We thank the reviewer for the positive feedback.
Threat model: We will clarify, motivate and illustrate the threat model. Our main motivating example is a shared device: a computer in a public library, a shared device in a home or other setting. The attacker is another user of the device, who can observe its state regularly. This is the same kind of attack model that private browsing modes in browsers are designed to address. A stolen device may also lead to an attack of this kind. In our schemes, it is important that only the public encryption (and re-randomization) key is held on the device: even if an attacker sees the entire internal state, it still cannot decrypt ciphertexts.
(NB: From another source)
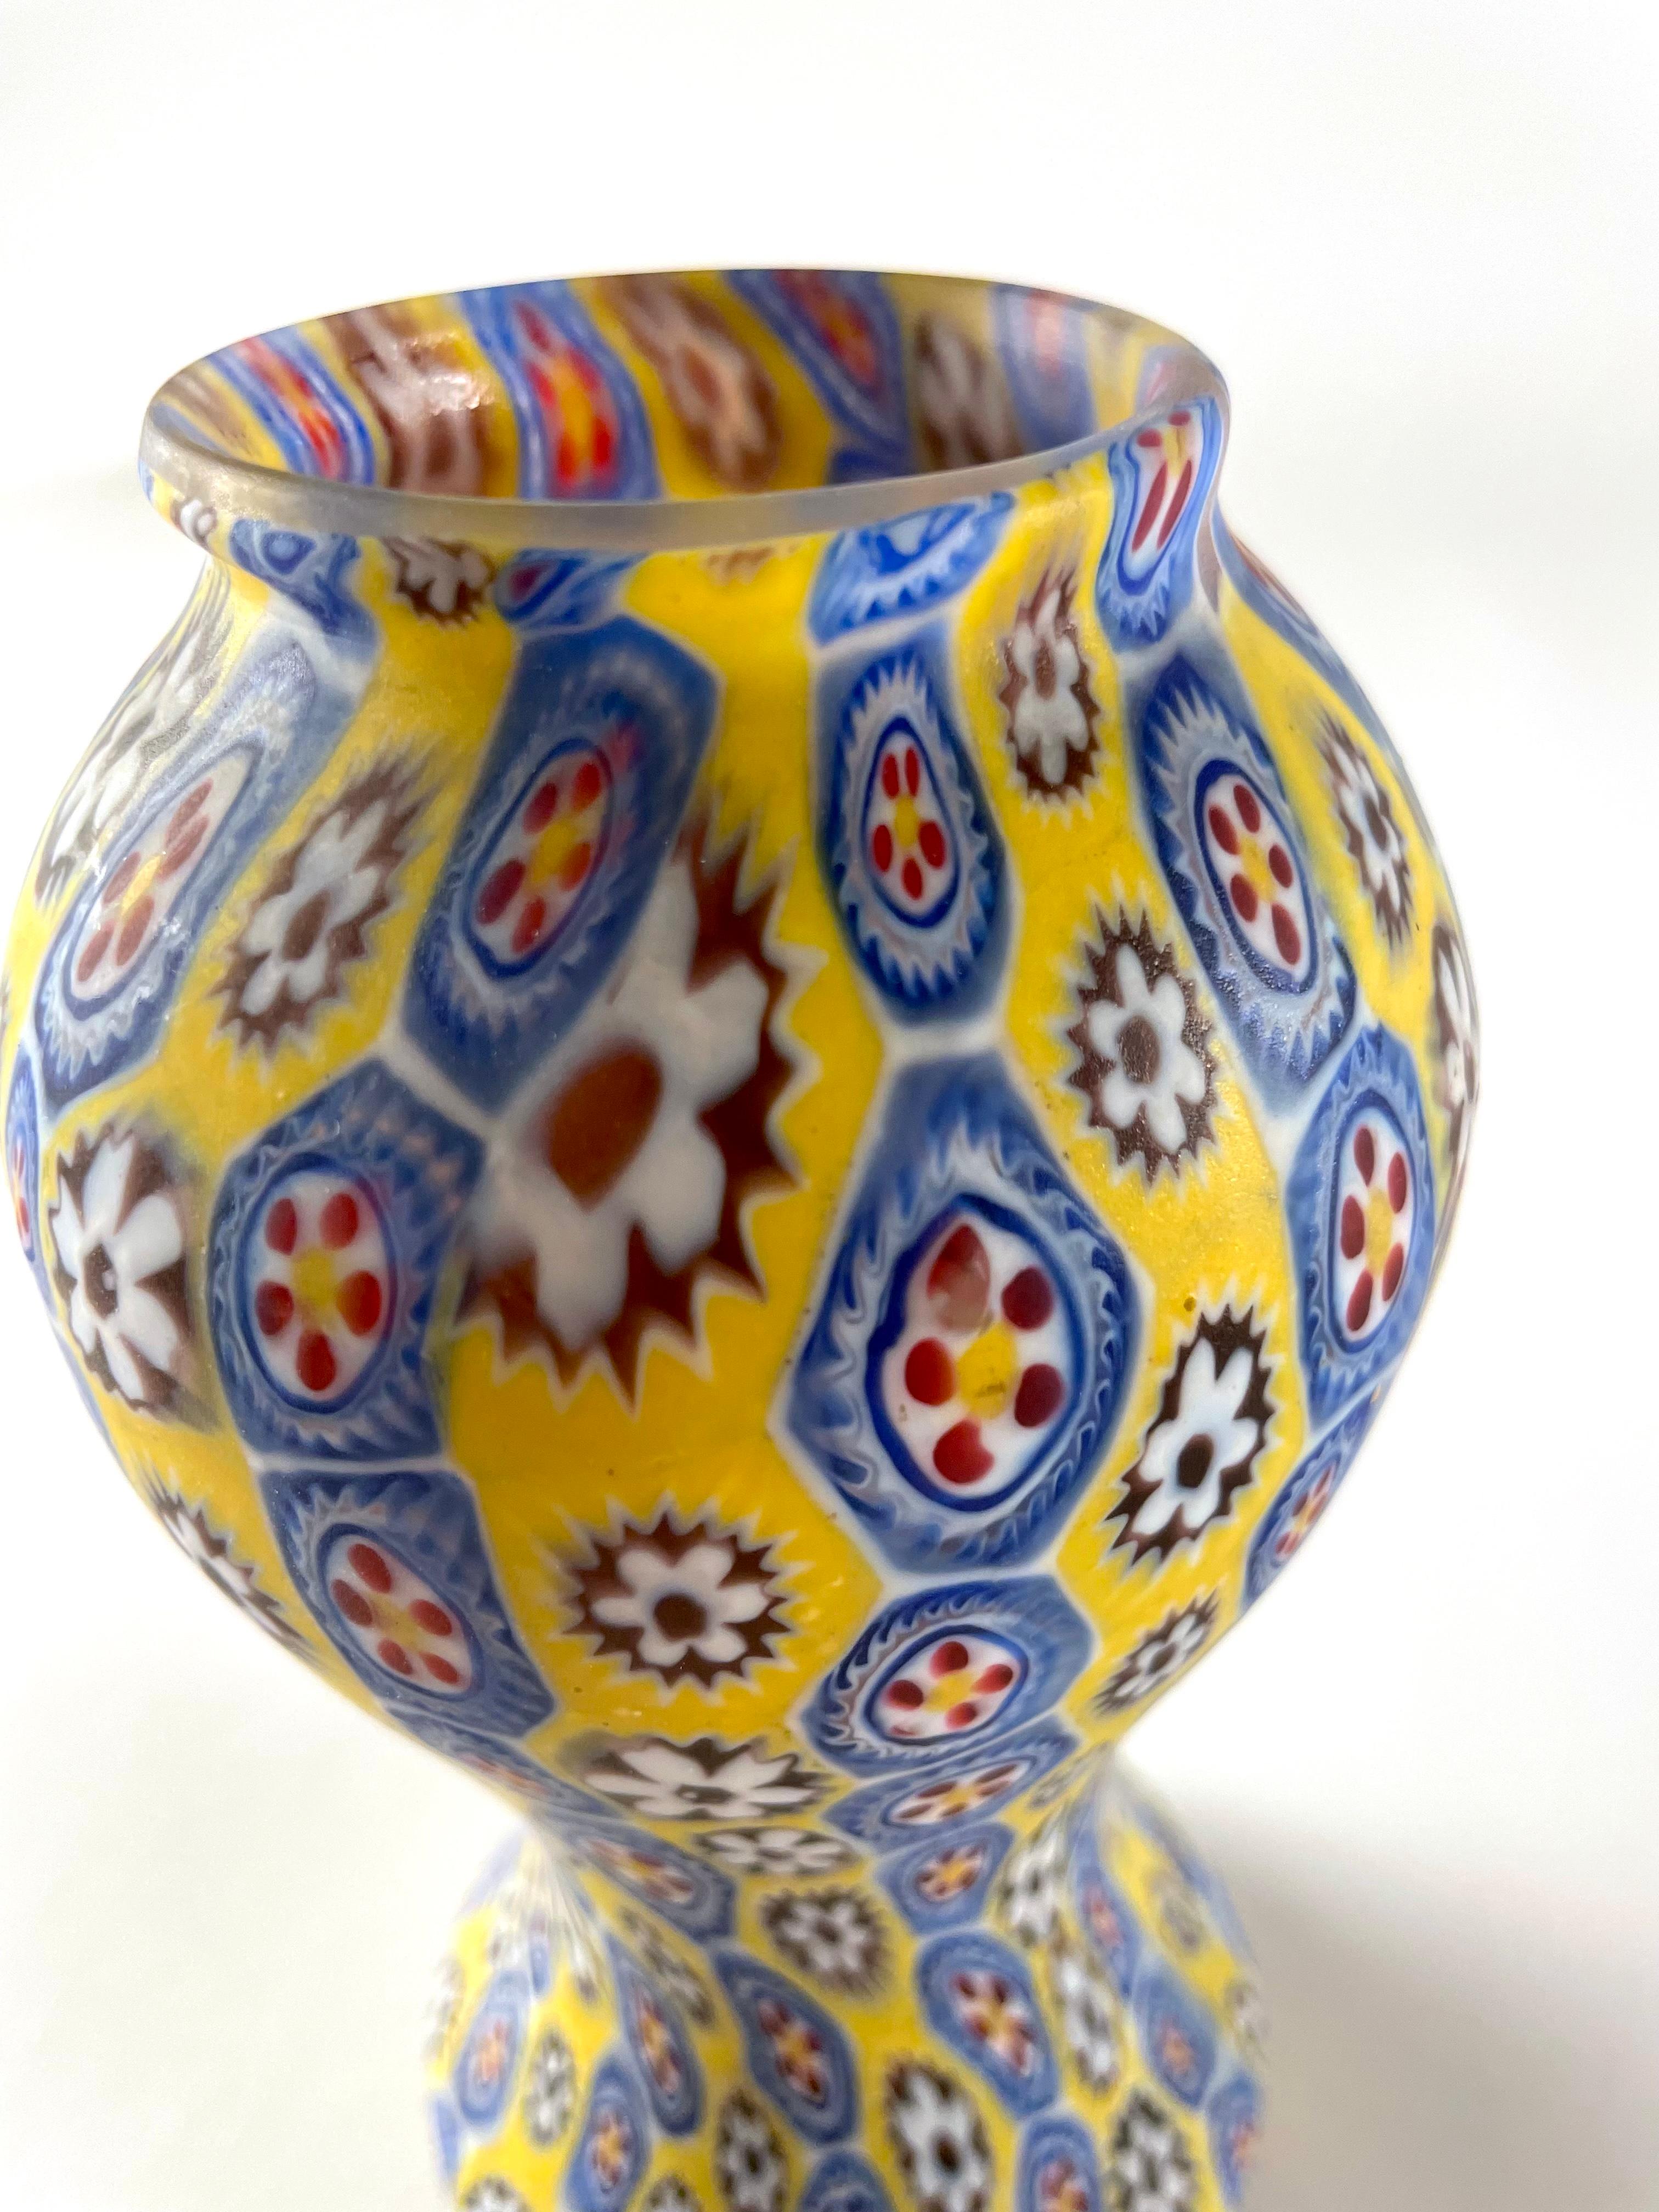 A classic vase in Murrina Millefiori by Fratelli Toso. This classic design hails from the beginning of the '50s and showcases the true craftsmanship that made Fratelli Toso famous. This piece is meticulously crafted using the murrina technique,

Tightness of lower bound: Our lower bound instances have the property that each stream has at most a single ‘1’, and the lower bound can be shown to be tight for this case. We conjecture that in the general case where the stream may have multiple ‘1’s, the lower bound would be larger by a factor. We discuss this briefly in the Conclusions section, and will elaborate on this.
The paper proposes a model that combines the restrictions of local privacy (where data is distributed among devices and there is no trusted central server), and pan privacy (where the state of a device can be observed by an intruder). The main results are an information theoretic lower bound, and an upper bound against computationally bounded adversaries using cryptographic techniques.
The model is intriguing. The results are a good first step, although perhaps a little too simple in terms of techniques.